Why Docker, Containers and systemd Drive a Wedge Through the Concept of Linux Distributions

The announcement of Rocket by CoreOS was perceived by many to be a direct challenge to Docker, particularly as it came on the eve of DockerCon Europe and threatened to overshadow news coming out at the event. Docker, Inc. CEO Ben Golub was quick to fire back with his ‘initial thoughts on the Rocket announcement’. This piece isn’t about the politics of ecosystems and VC funded startups, which I’ll leave to Colin Humphreys (and note an excellent response from Docker Founder and CTO Solomon Hykes). It also isn’t about managing open source community, which I’ll leave to Matt Asay.

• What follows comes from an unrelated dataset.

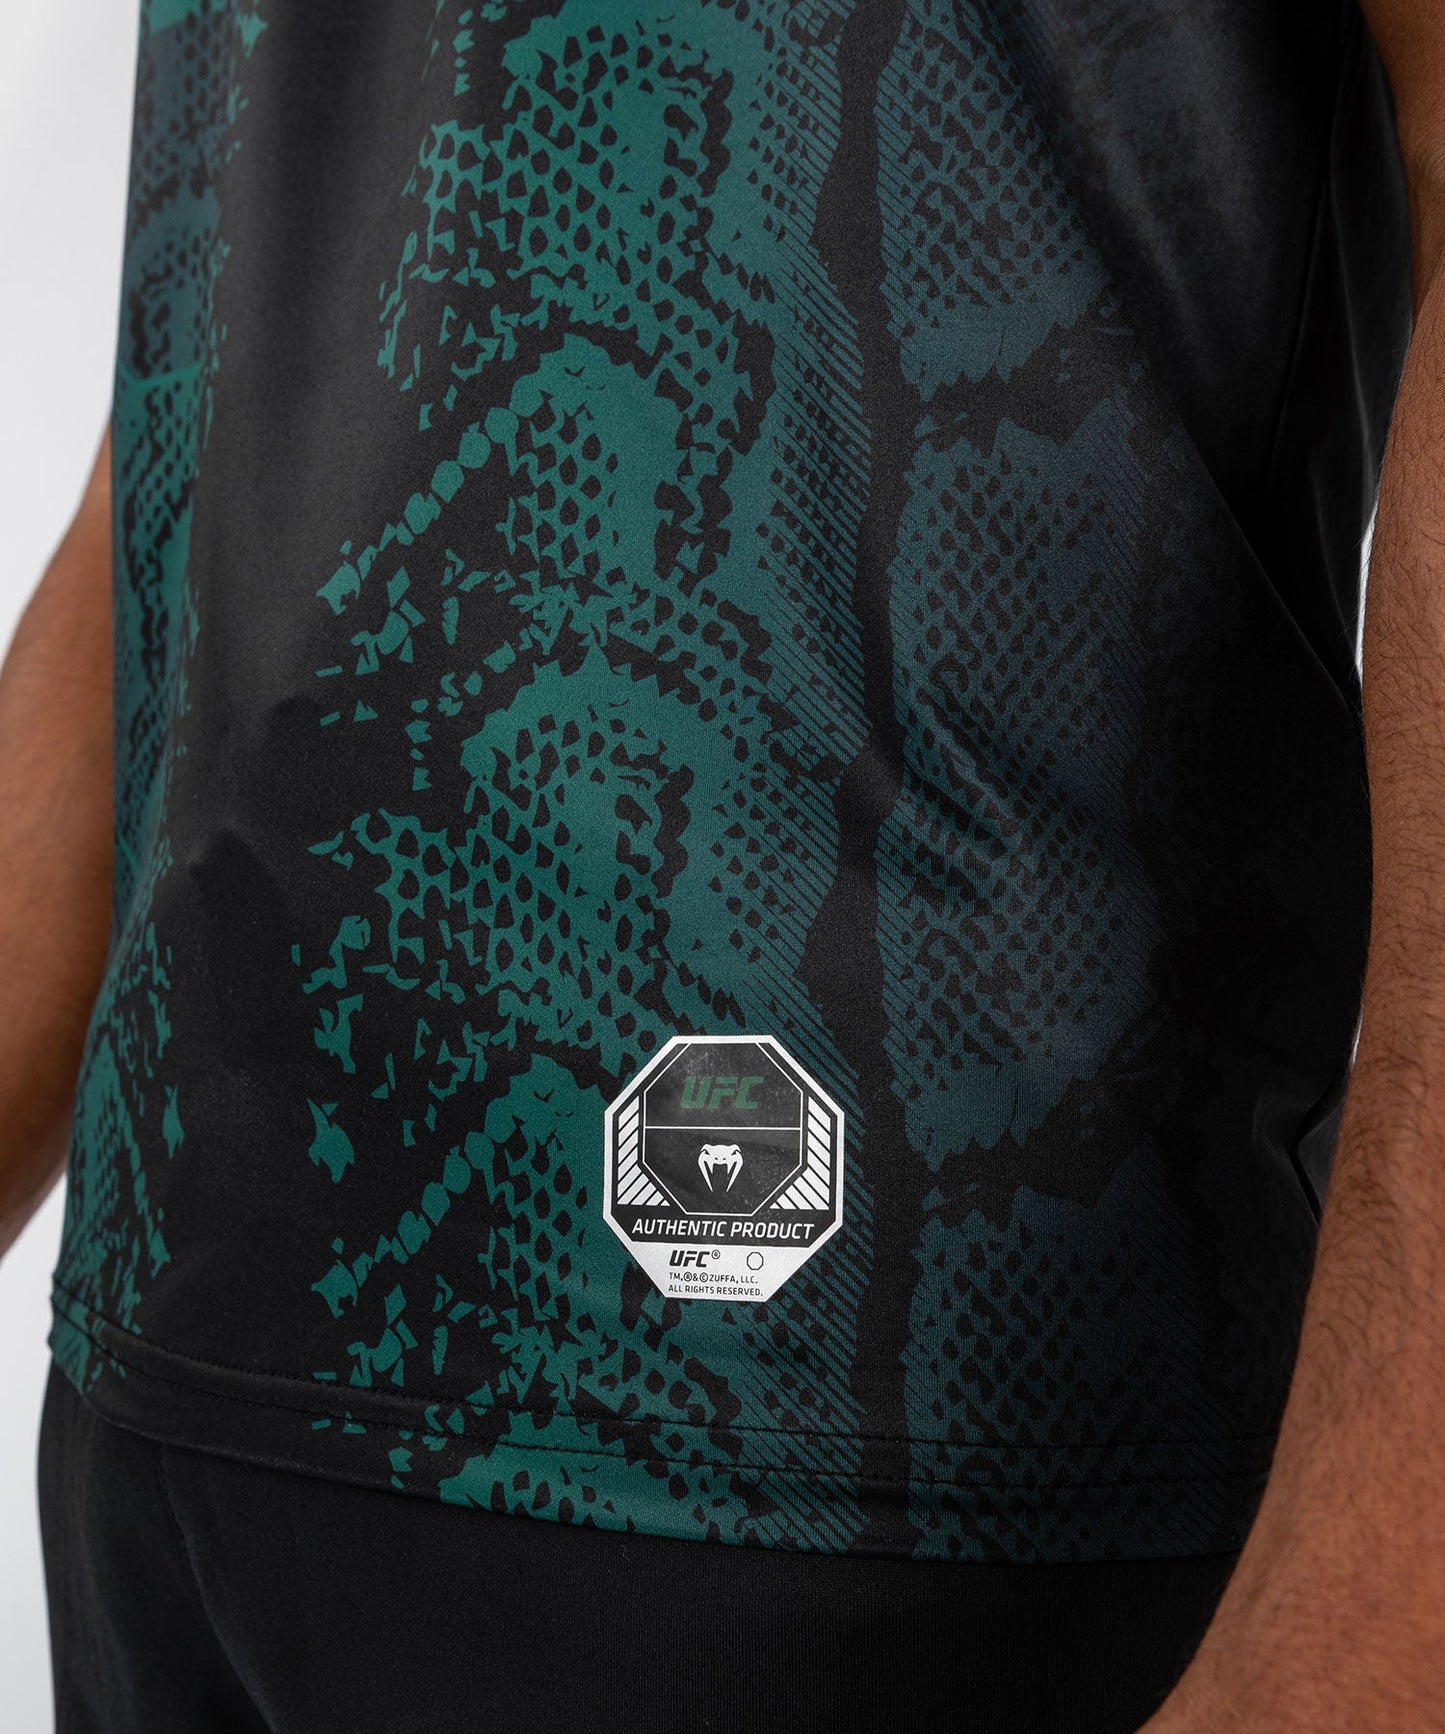 UFC Adrenaline by Venum Personalized Authentic Fight Night Camiseta de hombre - Emerald Edition - Verde/Negro
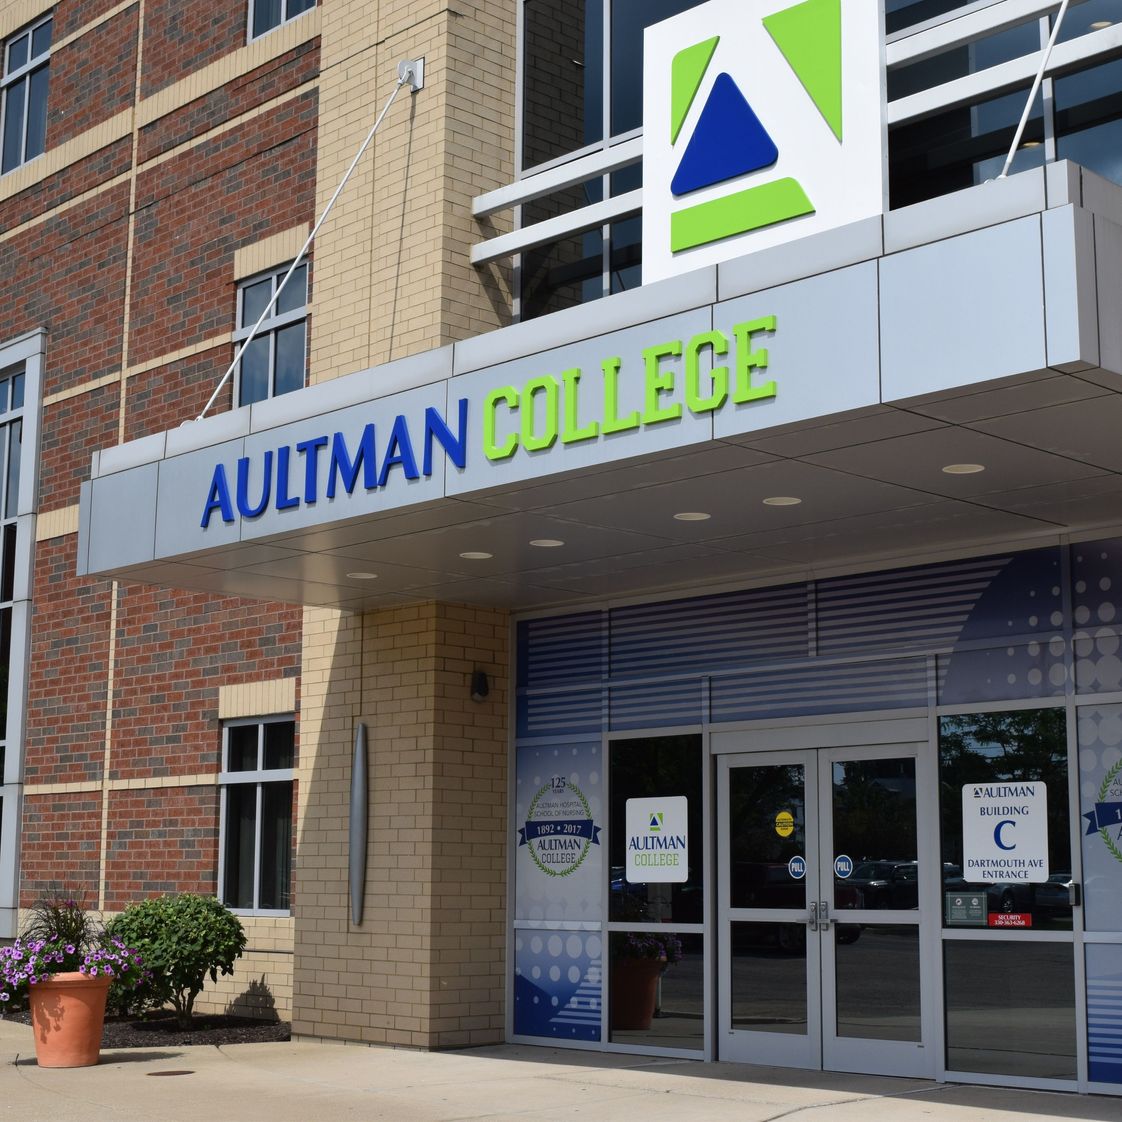 Aultman College of Nursing and Health Sciences Photo #1 - Aultman College

Here I want to look at systemd, which lies at the heart of the technical arguments.

There’s been an unholy war raging through the Linux world over systemd for some time. Pretty much everything on a system gets touched by what is selected as the first process on a system and how that impacts everything getting started up. People care a lot about this stuff, and the arguments have been passionate. Nevertheless, Mark Shuttleworth conceding defeat on behalf of Ubuntu marked the last major distribution going all in on systemd. Unless forks like Devuan become successful it’s going to be pretty hard to get Linux in a couple of years time without getting systemd as part of it.

Since CoreOS is a shiny new distribution, they went for systemd from the beginning. It was an obvious move, and frankly anything else would seem pretty ridiculous. Docker however, is a child of a different generation. Docker couldn’t align itself with systemd and then wait around for for it to become popular.